Bref, il n’y a pas d’agrégation heureuse.
Le manque de travail est une souffrance. Et là, nous nous disons que le
travail serait un bonheur. Seulement, quand nous avons du travail, le travail
par définition ne nous manque plus, et nous ne sommes pas heureux pour
autant.
Ou bien vous désirez celle que vous n’avez pas et vous souffrez de ce
manque. C’est ce qu’on appelle un chagrin d’amour. Ou bien vous avez
celle ou celui qui ne vous manque plus, puisque vous l’avez. Vous vous
ennuyez. C’est ce qu’on appelle un couple. Je suis content que cela
vous amuse, parce que j’ai toujours un peu peur de blesser des gens. Si
cela vous amuse, c’est que vous sentez bien que cela a une part de vérité.
En réalité, il n’y a que la vérité qui fasse rire. Vérité au moins partielle.
Quand nous désirons ce que nous n’avons pas, c’est ce que Schopenhauer
appelle la souffrance. Je désire ce que je n’ai pas, je souffre de ce
manque : souffrance.
Il y a plaisir, il y a joie, toutes les fois où nous désirons ce que nous avons,
ce que nous faisons, ce qui est. Bref, toutes les fois où nous désirons ce qui
ne nous manque pas. Il y a plaisir, il y a joie, toutes les fois où Platon a tort.
Oui, bien sûr, puisqu’il nous dit qu’on ne peut désirer que ce qu’on n’a pas.
Et que nous constatons, nous, que nous avons du plaisir, de la joie, à
chaque fois que nous désirons ce que nous avons.

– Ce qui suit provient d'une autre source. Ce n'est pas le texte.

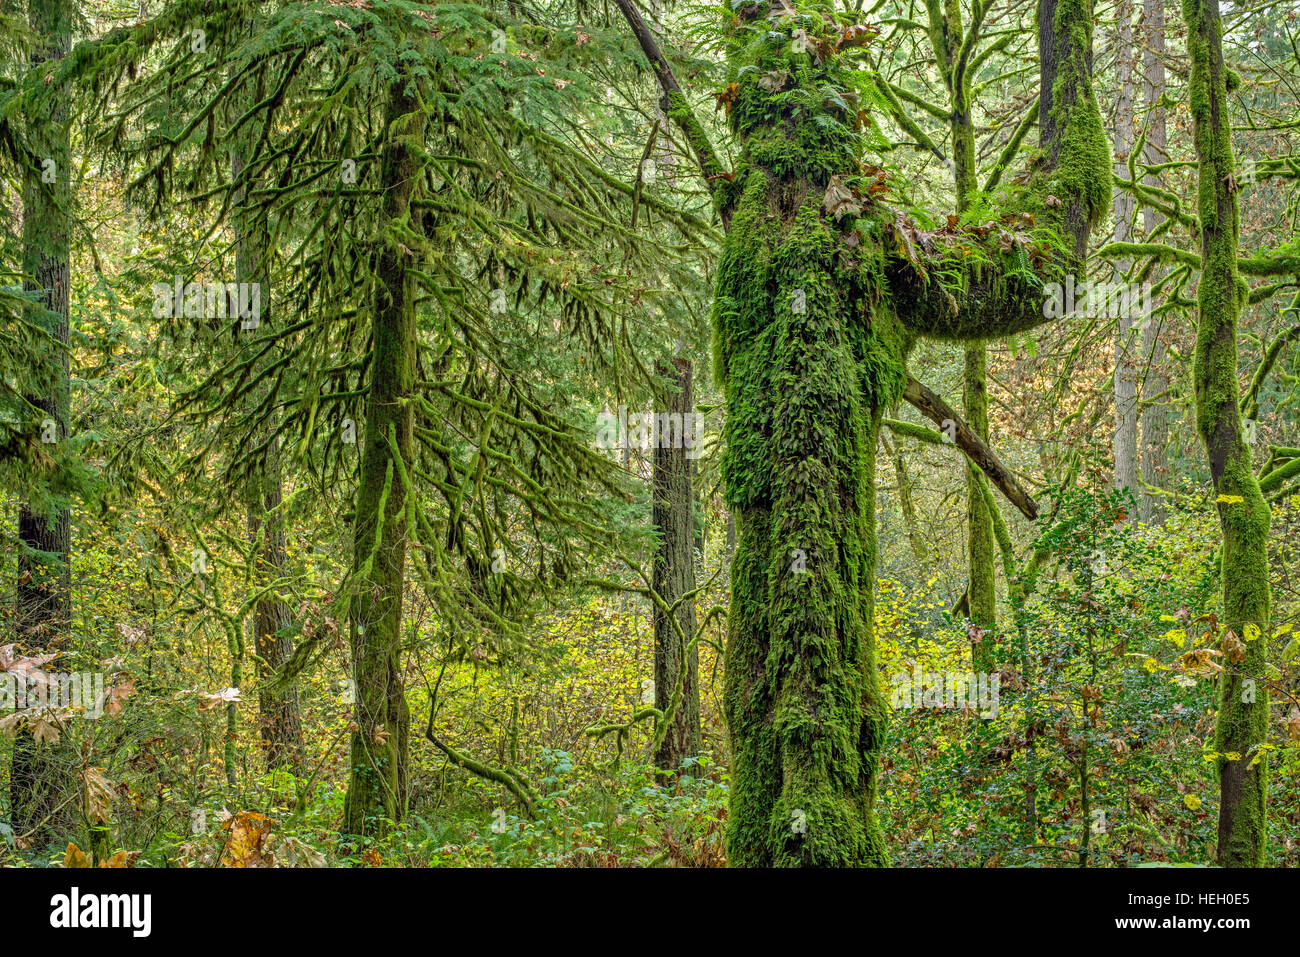 USA, Washington, Camas, Lacamas Park, Autumn forest with moss-covered bigleaf maple and western hemlock trees. Stock Photo
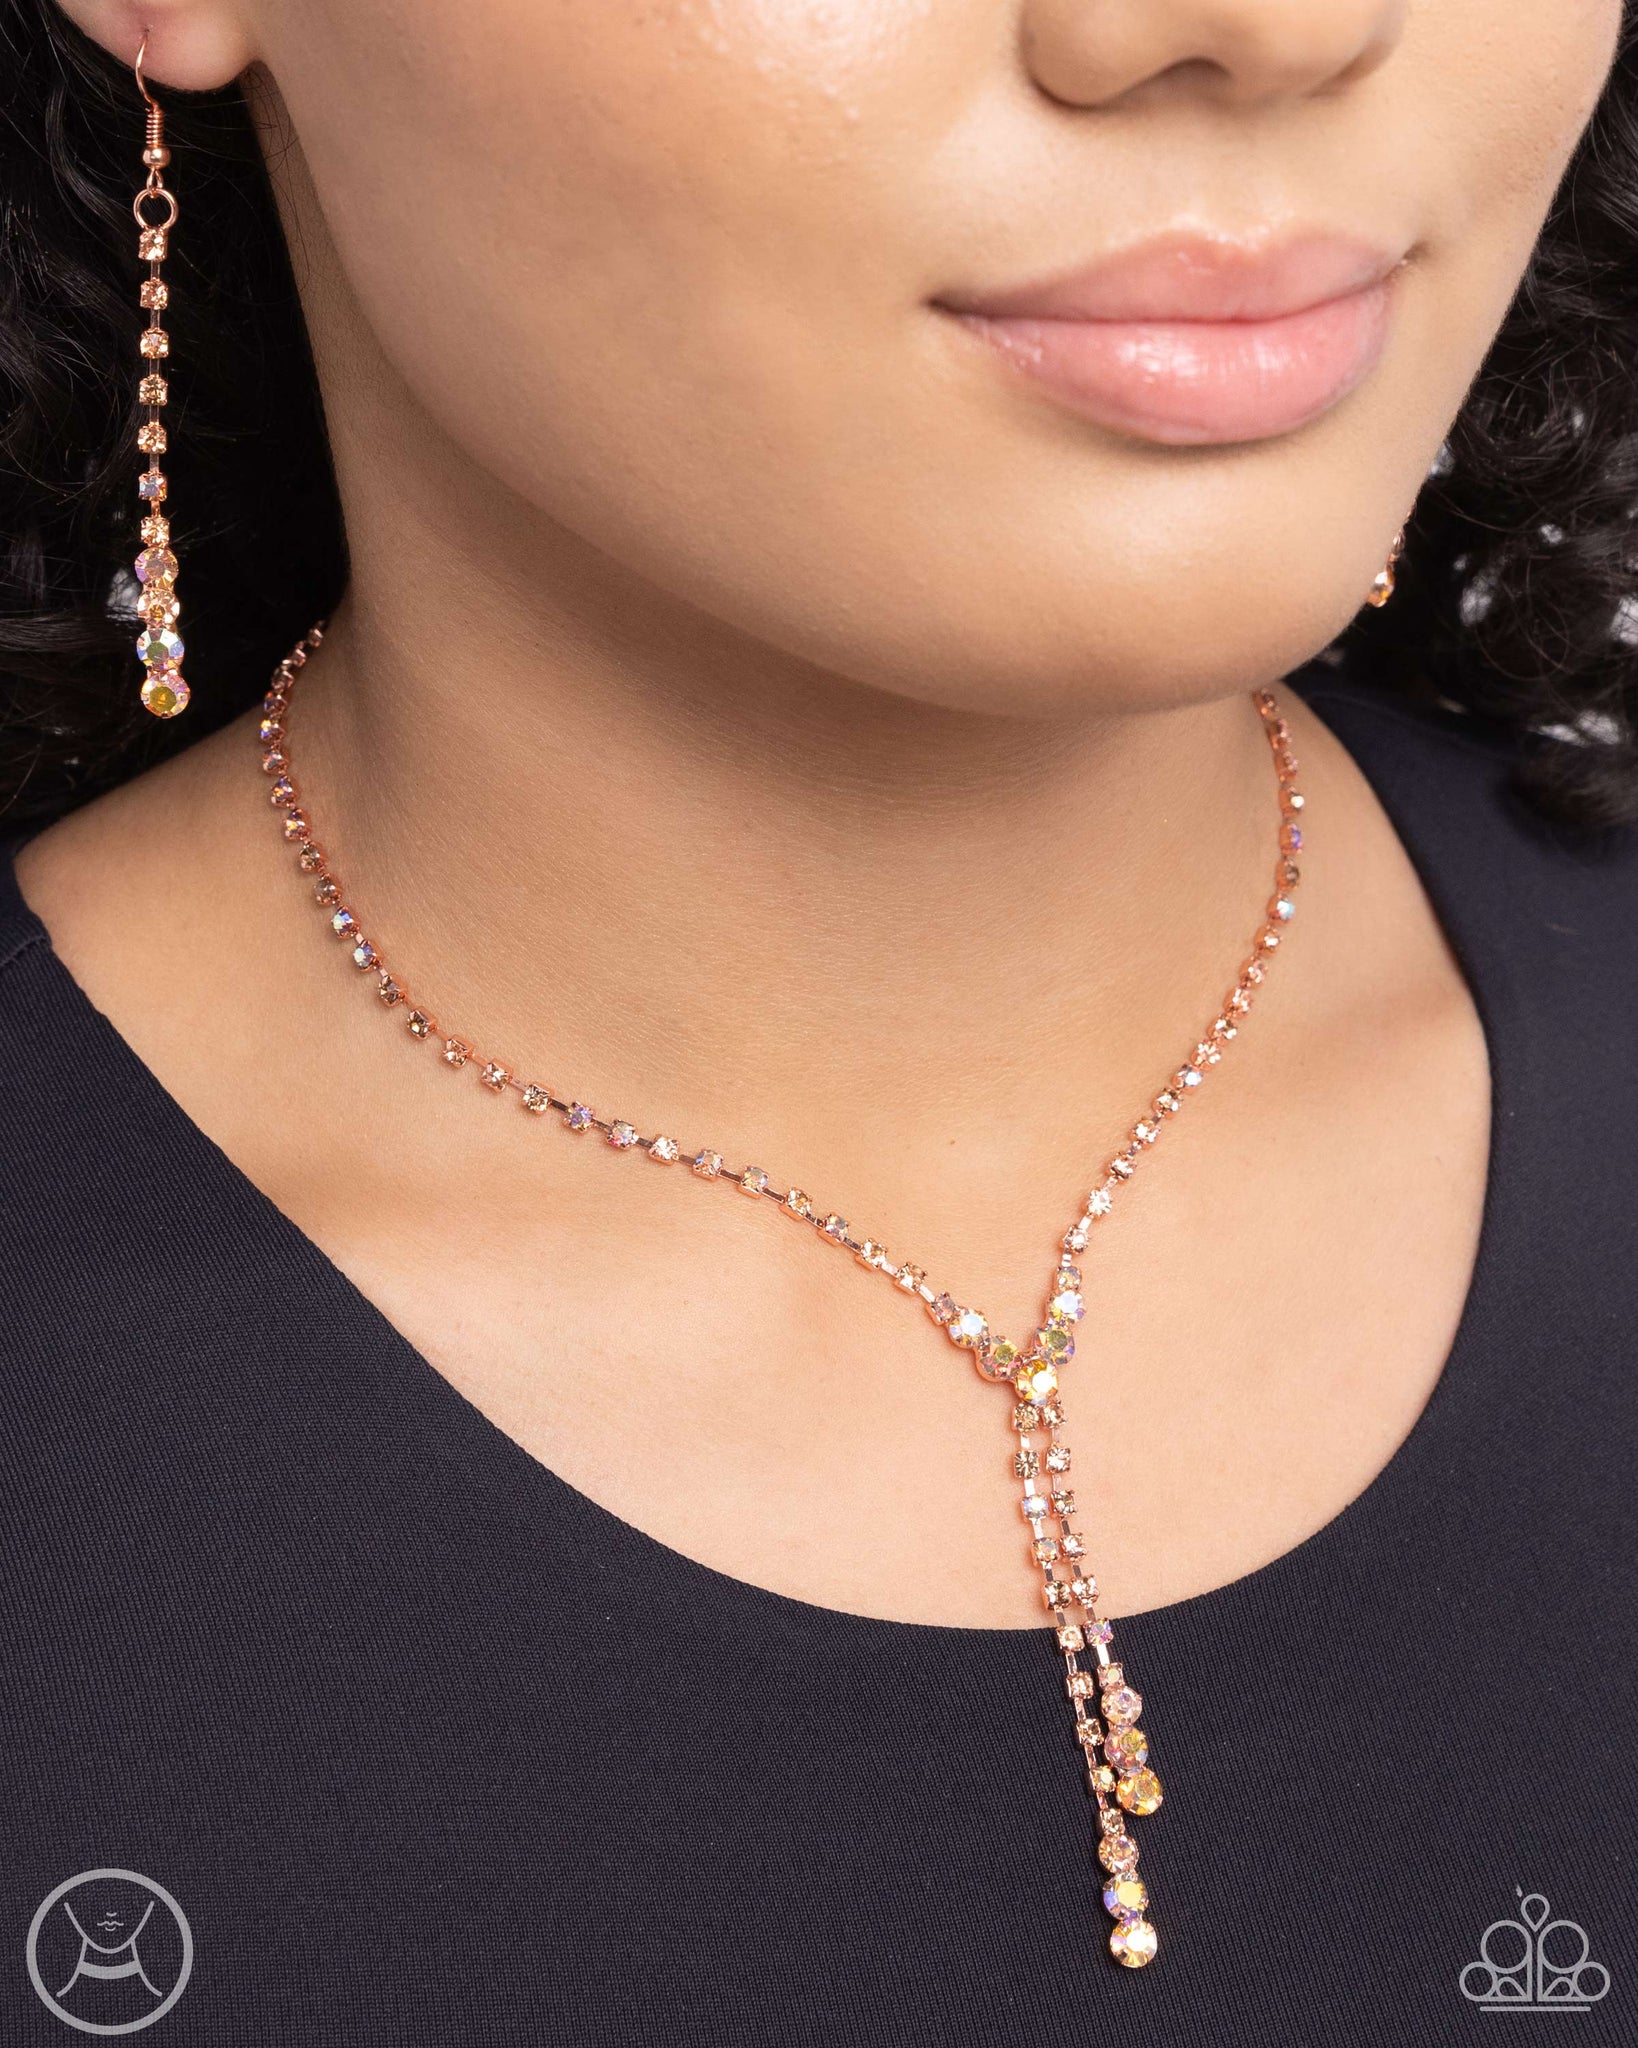 Blinding Balance Necklace (Black, Copper)

En vérité, je crois que les deux sont vrais. Il arrive assez souvent que nous
donnions raison à Platon ou à Schopenhauer. Il arrive que nous leur
donnions tort. Les beaux moments de notre vie sont ceux où nous leur
donnons tort. C’est-à-dire les moments où nous ne sommes plus
platoniciens mais où nous sommes spinozistes, puisque j’annonçais deux
façons de penser le désir.
Quand vous avez déjeuné ensemble ce midi, personne n’a souhaité à ses
convives : "Je te souhaite une bonne faim ; je te souhaite de bien manquer
de nourriture !" Personne n’a été platonicien, parce que c’est cela être
platonicien : c’est ne désirer manger que quand nous avons faim autrement
dit que lorsque la nourriture manque. À la limite c’est ne désirer manger que
lorsqu’il n’y a pas à manger. Mais vous ne vous êtes pas souhaité une
bonne faim : vous vous êtes souhaité un bon appétit. "Tu vois la nourriture
ne manque pas. Ils ont bien fait les choses aujourd’hui. Il y a de quoi
manger. Je te souhaite d’avoir la puissance de jouir de la nourriture qui ne
manque pas". La faim est une souffrance évidemment, nous pouvons
mourir du manque de nourriture. L’appétit est déjà un plaisir. Se mettre à
table, quand on sait que nous allons manger de bon appétit, qu’est-ce que
c’est bon !
Le désir est puissance, pour Spinoza, l’amour est joie. Déjà Aristote disait :
"Aimer, c’est se réjouir". Spinoza écrit, la formule est un peu plus
compliquée, mais cela revient au même : "l’amour est une joie
qu’accompagne l’idée d’une cause extérieure". Aimer c’est se réjouir de…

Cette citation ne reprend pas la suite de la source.